UB researcher Yan Ju says that in focusing on bias in face recognition detection tools – a critical priority –past efforts have paid too little attention to deepfake detector bias. The team’s perspective differed from conventional thought in another way.

Rather than try to balance biometric databases, make algorithms more fair. The team claim this is a first.

For the project, supported in part by the U.S. Defense Advanced Research Projects Agency (DARPA), the researchers created two machine learning methods. One made algorithms aware of various demographics while the other was “demographic agnostic.”

They reportedly improved accuracy disparities “across races and genders.” Overall accuracy improved, too.

“We’re essentially telling the algorithms that we care about overall performance, but we also want to guarantee that the performance of every group meets certain thresholds, or at least is only so much below the overall performance,” says the study’s lead author, UB computer scientist Siwei Lyu.

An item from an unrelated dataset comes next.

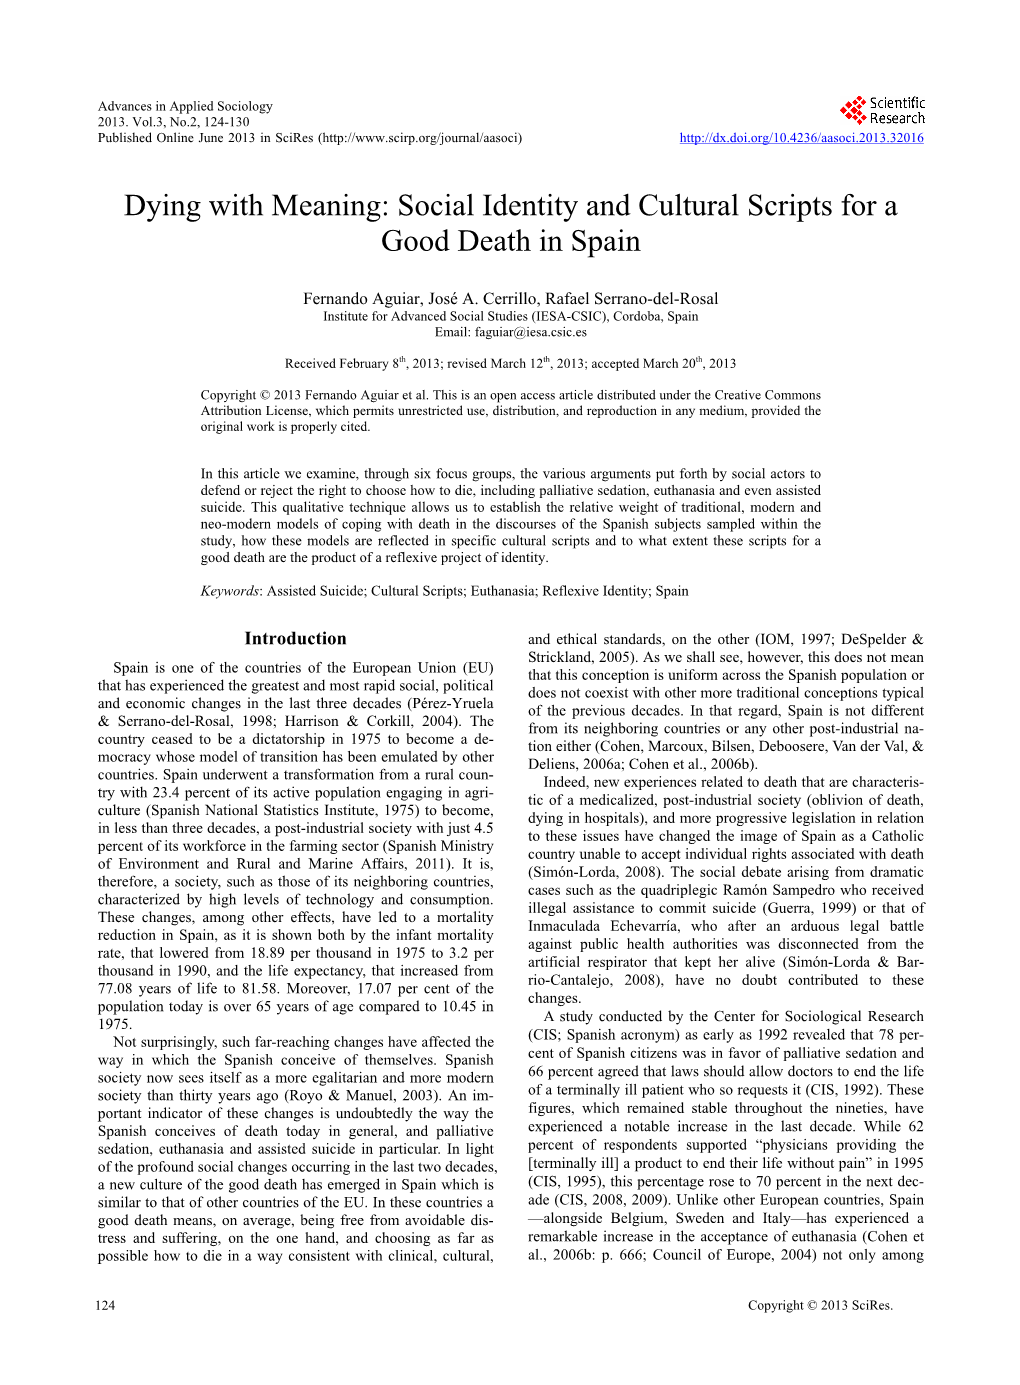 Social Identity and Cultural Scripts for a Good Death in Spain
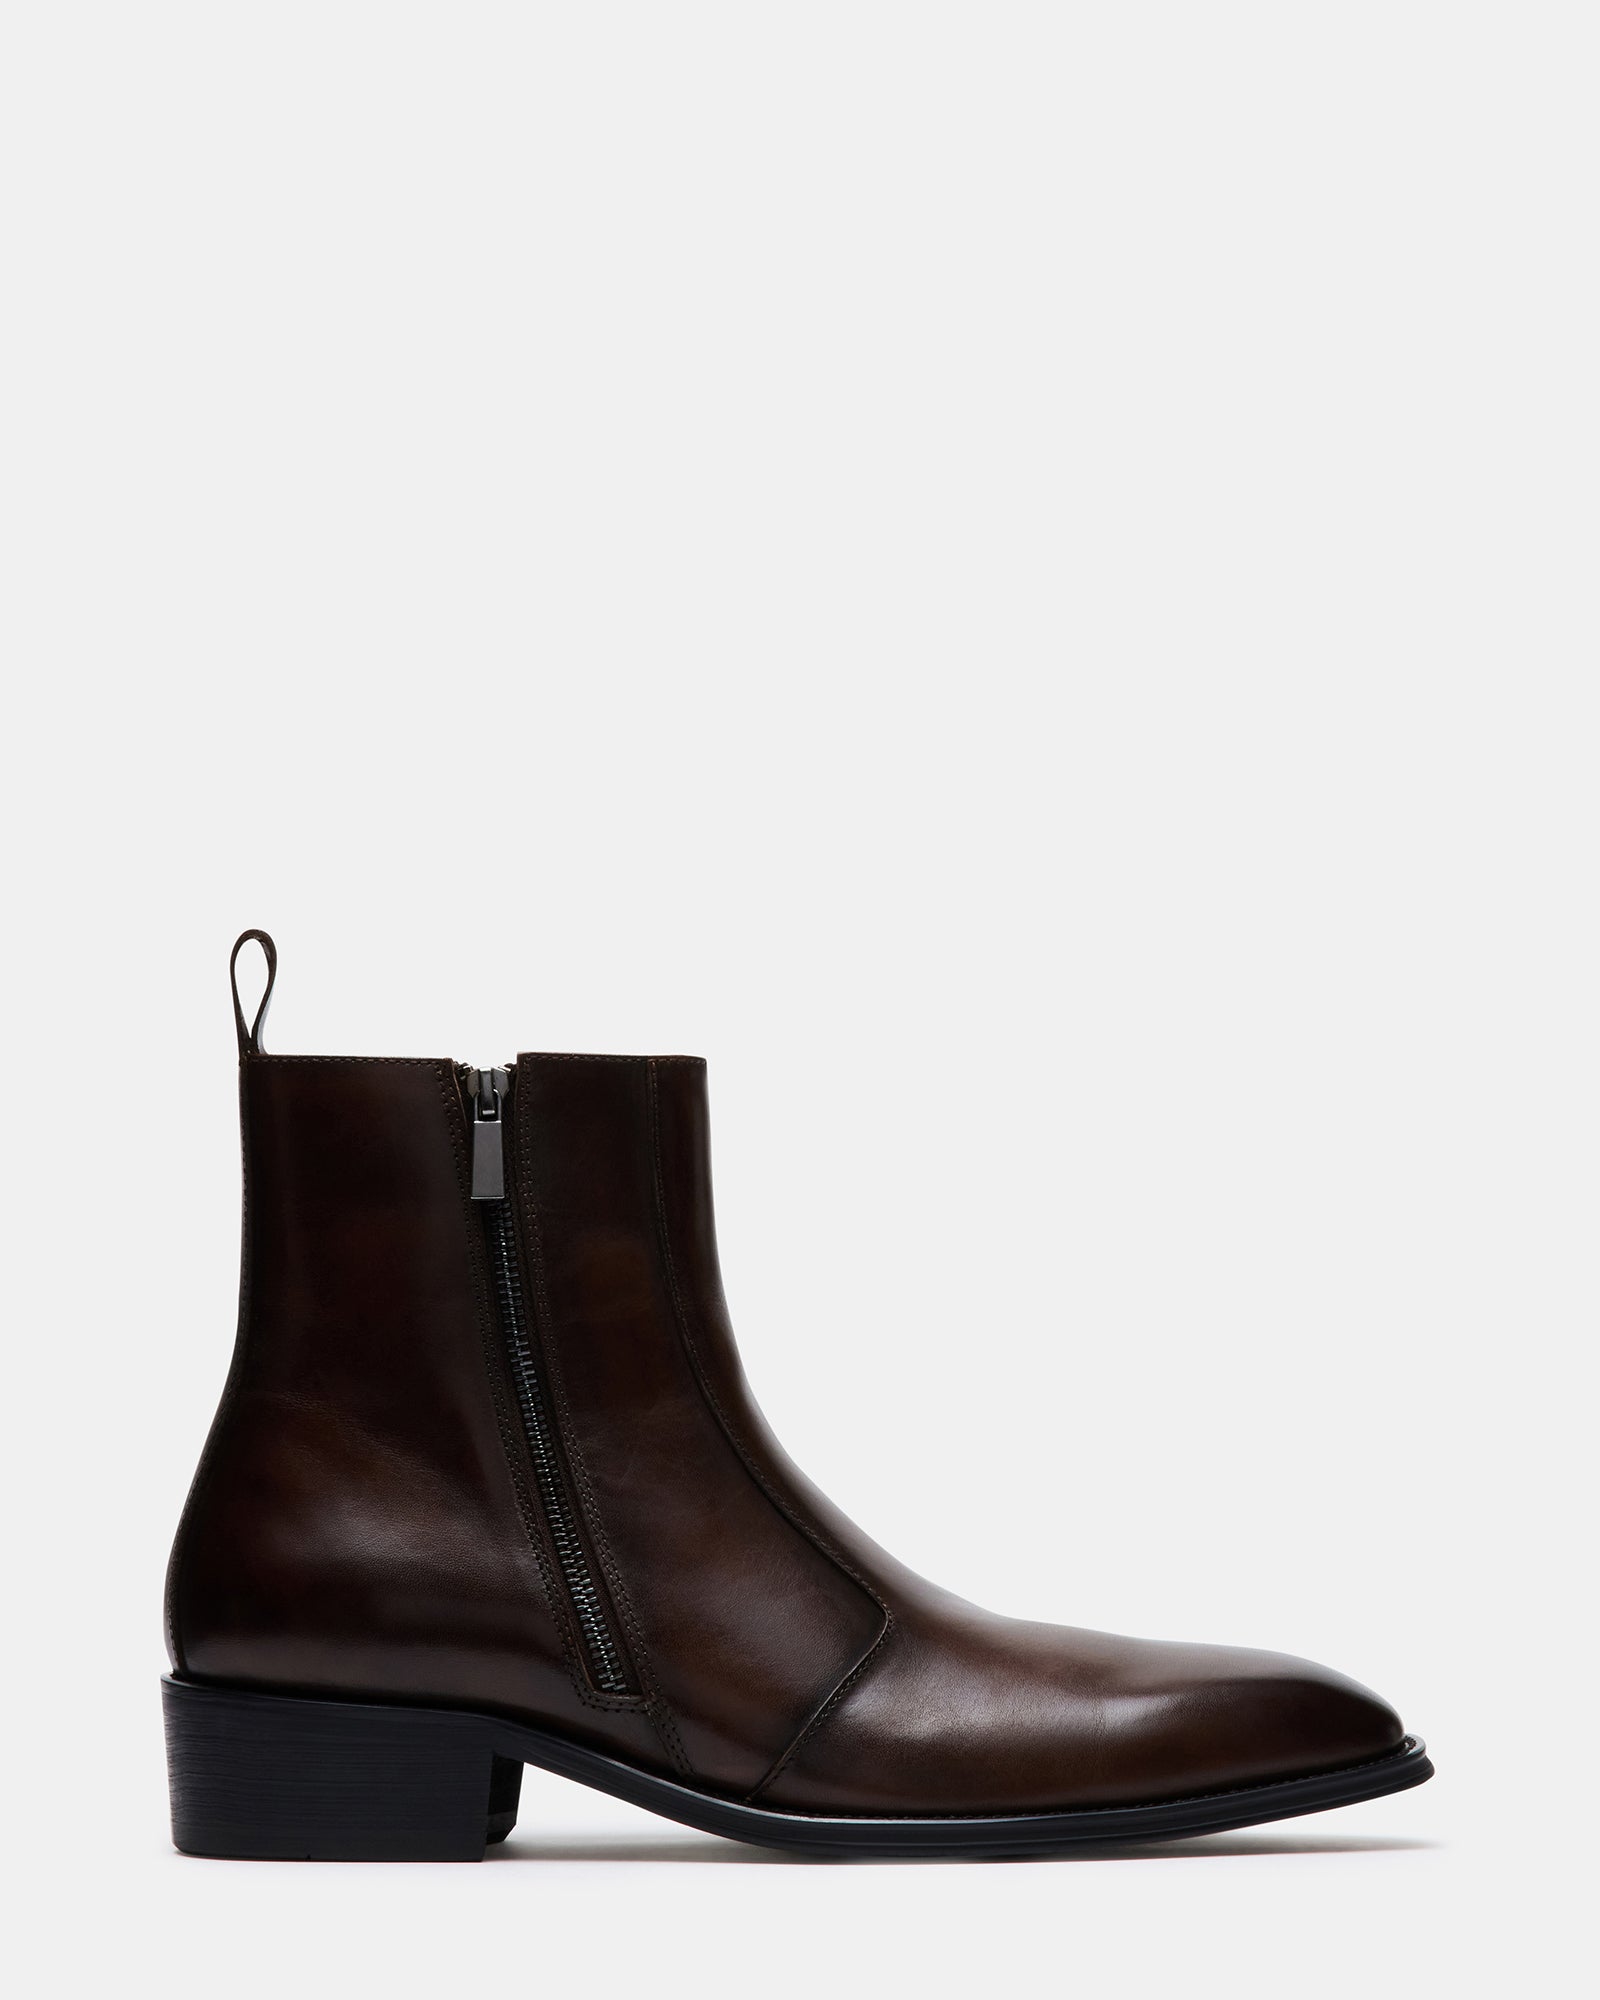 HAYNES Brown Leather Ankle Boot | Men's Boots – Steve Madden

What’s more, the agnostic algorithm is freed from datasets’ demographic bias by classifying deepfake videos on features in a segments’ “not immediately visible to the human eye.”

The researchers used the Xception algorithm with multiple datasets and the FaceForensics++ datasets with other algorithms in their work and the new methods largely held up.

There was an improvement in “most fairness metrics” with “slightly reduced overall detection accuracy.”

Lyu says the tradeoff is worth it as improvements are made to biometric datasets.